When building a top to support a heavy router I suggest trying the layer method from Shop Notes. Use 3/4" plywood and two adjoining layers of 1/4" hardboard(Masonite). Wrap the edges with "1 x" hardwood. Laminate both sides with Formica.(This step prevents warping) Use a good mounting plate, my preference is the Rousseau plate. This method is tried and true. Good luck.


----------



## bobj3 (Jan 17, 2006)

Hi Mike and Kevin

I do agree on the base plate and I also recommend the base plate from OakPark (Router WorkShop) if you are going to use and order fixtures from the OakPark, the base plates are predrilled for most of the fixtures and router types.
And that's a big selling point for the OakPark type,the Router(s) must be mounted dead on center to work right.
The drop down pocket to hold the base plate can be off just a bit but not the router.

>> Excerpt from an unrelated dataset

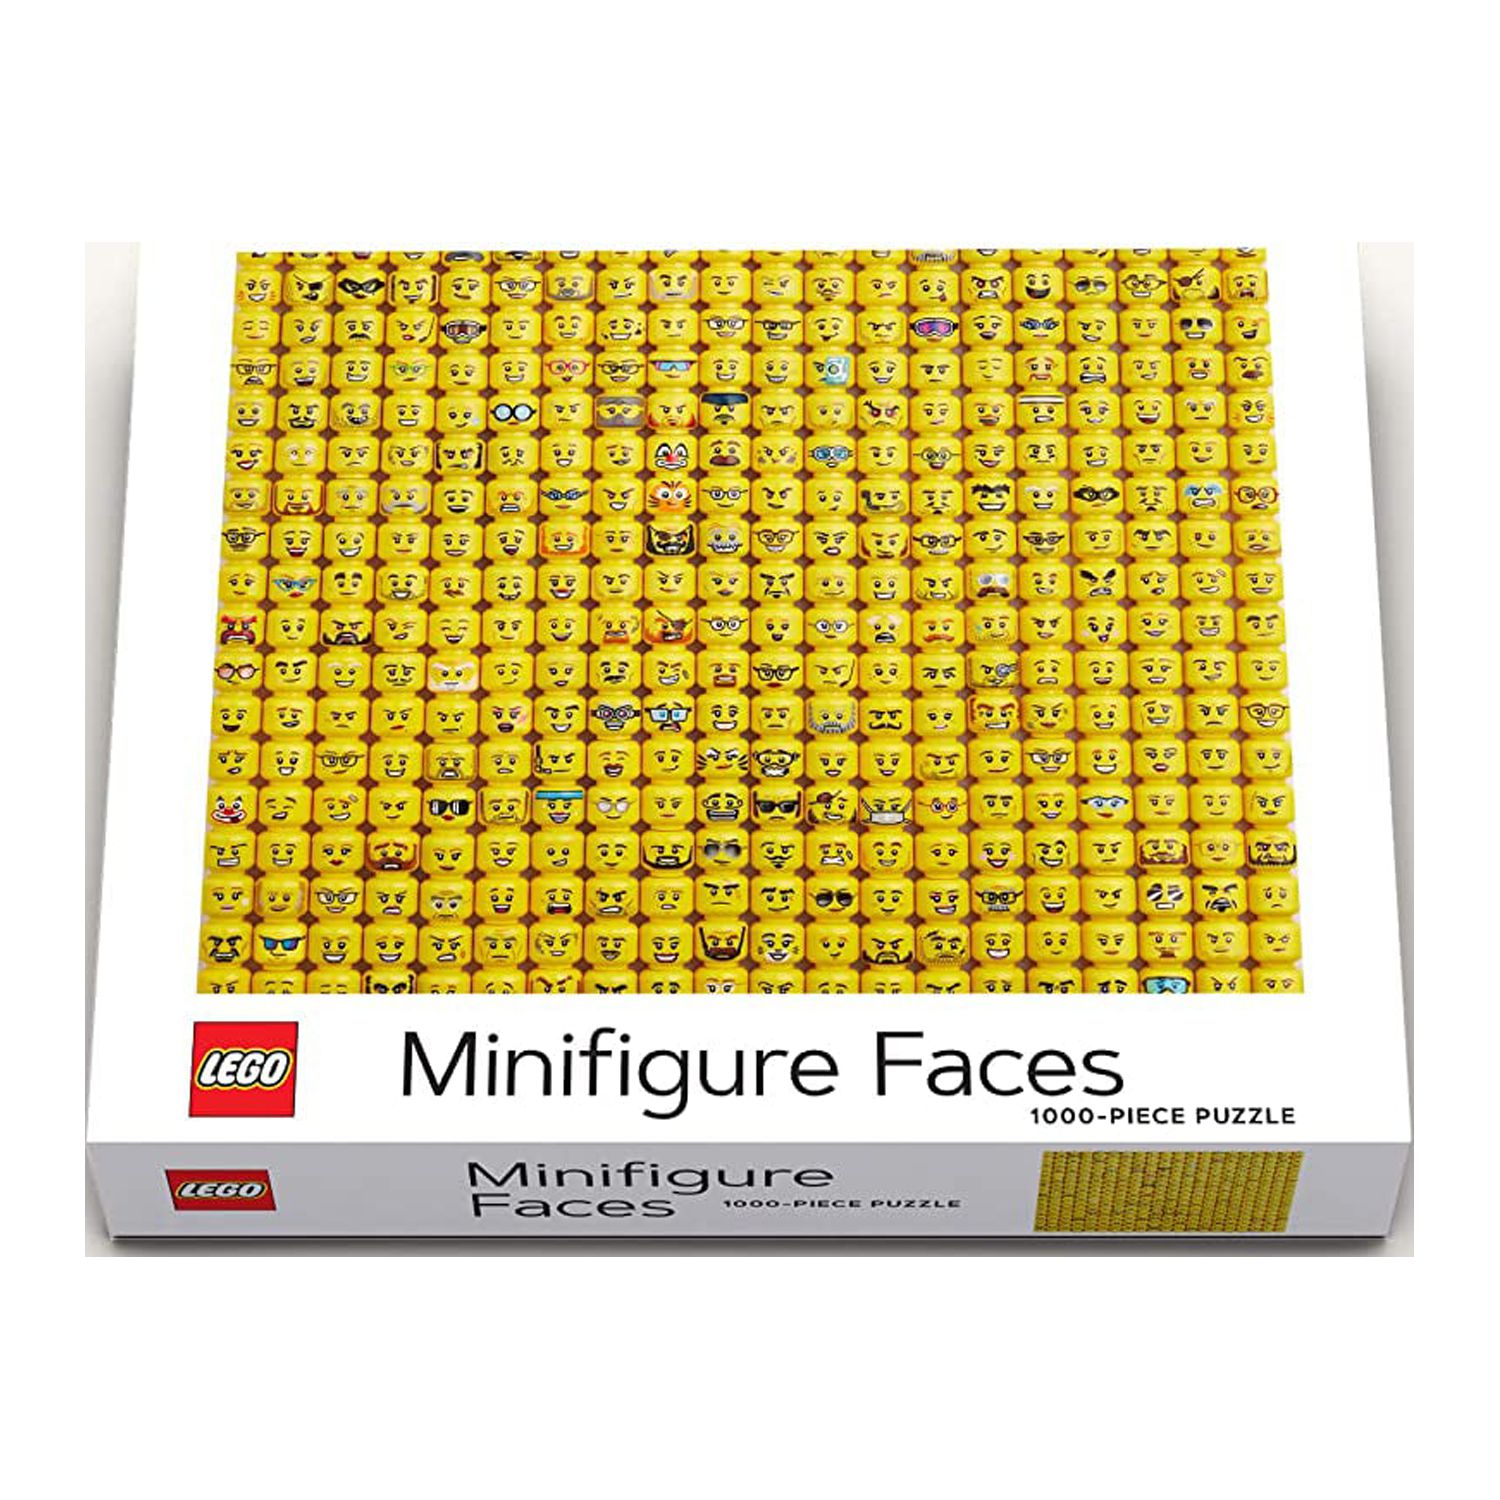 Lego: LEGO Minifigure Faces 1000-Piece Puzzle (Jigsaw) - image 3 of 3
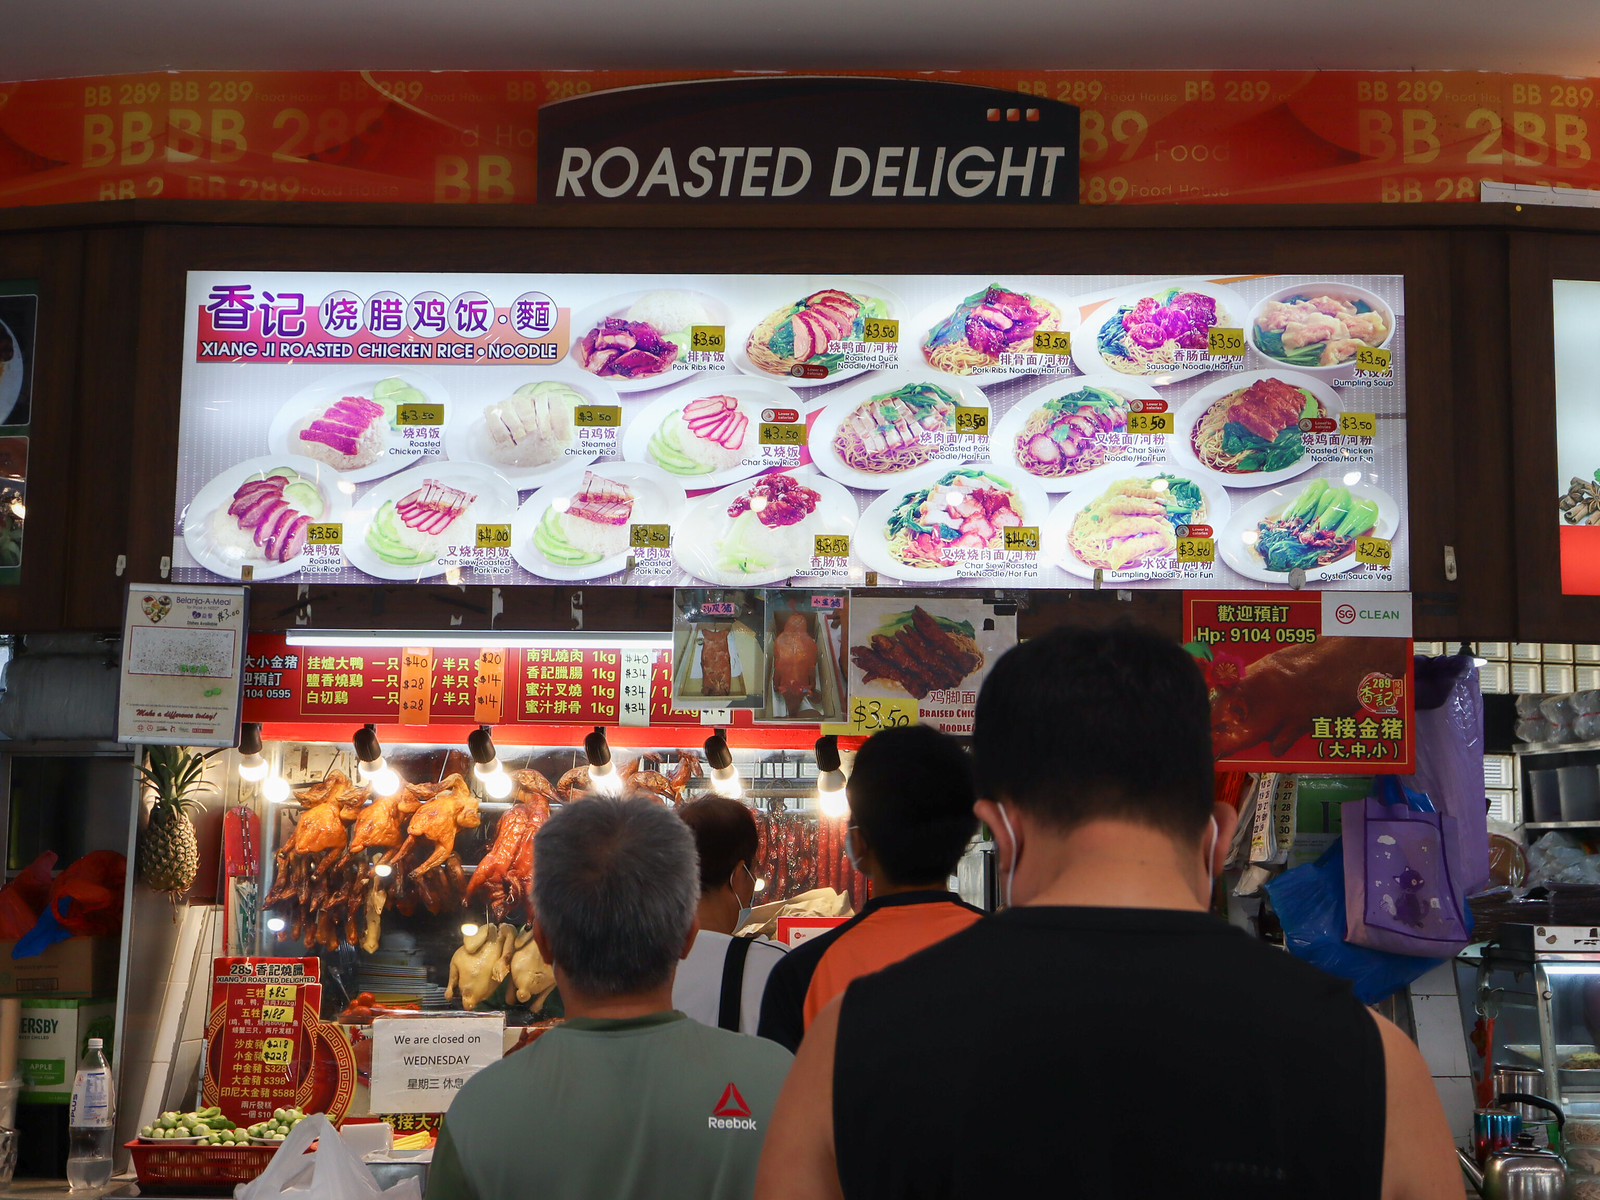 xiang ji roast chicken rice & noodles - storefront

Rousseau Router Plate, see links below ▼

http://www.amazon.com/gp/product/B0...1824704?_encoding=UTF8&s=hi&v=glance&n=228013

http://www.mcfeelys.com/product.asp?pid=RM-3511&rkgsource=froogle

http://froogle.google.com/froogle?hl=en&lr=&q=Rousseau router plate&btnG=Search&sa=N&tab=wf

Bj


----------



## bobj3 (Jan 17, 2006)

Just some reviews on the base plate by users of the Rousseau base plate.
Most are good, some are bad.

Rousseau 3509 9" x 12" x 3/8" Deluxe Router Base Plate and Customer Reviews

http://www.shopingdir.com/laptop-notebook/cheap-products-reviews.php/B00002242B

Bj


----------



## Rebelwork Woodworking (Sep 11, 2004)

Im supporting 3 routers with 2 layers of 3/4 particle board just fine....rebel


----------



## Mike (Nov 22, 2004)

BobJ3, Laugh at those persons who didn't follow the instructions for mounting and using the Rousseau plate. Norm used one in his origonal table on the NYW for 10 years and most likely still would if Rockler hadn't sponsored the show.


----------



## Gilbear (Dec 13, 2005)

Wow, Rebel -
That is quite the table there - don't think I've seen a set-up for three like that before - any more photos?


----------



## bobj3 (Jan 17, 2006)

I would like to 2nd that,more pictures please on the hexagon router table.
Plus how you have the Vac.system setup on it.

Thanks
Bj


----------



## Rebelwork Woodworking (Sep 11, 2004)

there are some pictures in here http://www.jackdurencabinets.com/photosHDRoutertable.htm ....rebel


----------



## Rebelwork Woodworking (Sep 11, 2004)

there are two DC lines on the table one top and one at the bottom....rebel


----------



## bobj3 (Jan 17, 2006)

Thanks for the links
WOW !
All I can say is WELL done,and ask how many years did it take to make ?
A five star router table. 

Bj


----------



## Dr.Zook (Sep 10, 2004)

Very impressive. I assume you have this table set up for making panel doors. Really professional looking job. Well done.

Dave
the "Doctor"


----------



## Gilbear (Dec 13, 2005)

Whoa Baby!! - Very cool - now I've got a case of table (and skill level) envy!
Didn't mean to get us way off Kevin's original question, but thanks for sharing that Rebel!


----------



## Rebelwork Woodworking (Sep 11, 2004)

All I can say is WELL done,and ask how many years did it take to make ?

2 weeks before i was forced to put into production. still needing a little paint and knobs.

thx for the replies. ive ran around 130 raised panel doors so far. who needs a shaper.....rebel


----------